Bisnis.com, JAKARTA--Besarnya beban yang ditanggung dan manajemen risiko yang kurang mumpuni dinilai sebagai penyebab utama tutupnya jaringan convenience store 7-Eleven di Indonesia.
Executive Director PPM Manajemen Bramantyo Djohanputro mengatakan jika regulasi yang dituding sebagai penyebab, maka mestinya ada bisnis lain denga model serupa Sevel yang juga tutup. Namun, hal ini tidak terjadi.
"7-Eleven (Seven Eleven/Sevel) high cost. Orang hanya nongkrong. Sehingga, kurang pas kelihatannya dengan modal kerja dan tingkat profitabilitas," sebut dia dalam kunjungannya ke Redaksi Bisnis Indonesia, Kamis (6/7/2017).
Bram menerangkan perusahaan yang memunyai fixed cost tinggi biasanya memiliki risiko yang besar. Dalam kasus Sevel, beberapa hal yang menjadi masalah adalah produk siap saji yang ditawarkan mempunyai risiko tidak terjual, waktu operasional hingga 24 jam, dan konsumen lebih banyak nongkrong.

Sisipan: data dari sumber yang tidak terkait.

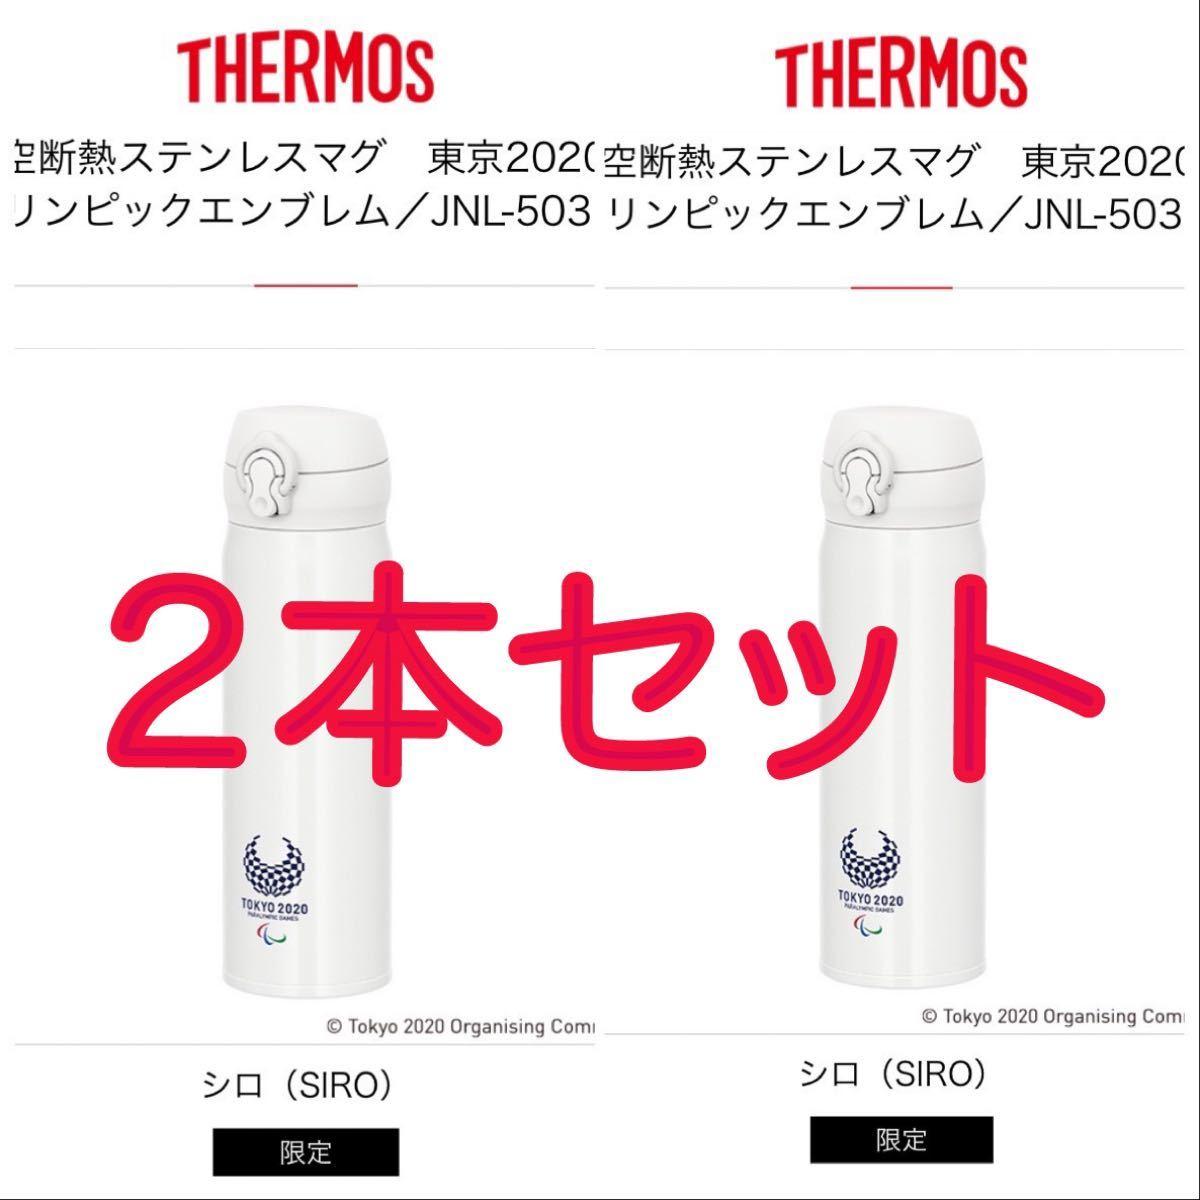 サーモス真空断熱 超軽量210g 携帯マグ 0.5L TOKYO 2020 パラリンピック公式ライセンス商品 限定 水筒

"Selama dia tidak mampu mendorong penjualan, pasti kedodoran," tutur dia.
Selain itu, manajemen jaringan convenience store itu pun dipandang kurang mampu beradaptasi dalam bisnis ritel modern.
Seperti diketahui, pengelola Sevel yaitu PT Modern Internasional Tbk. (MDRN) awalnya bergerak dalam distribusi Fuji Film di Indonesia. Sebelum memutuskan menutup Sevel, perseroan sebenarnya berencana menjualnya ke PT Charoen Pokphand Indonesia Tbk. (CPIN) dengan nilai Rp1 triliun. Namun, rencana transaksi itu akhirnya batal.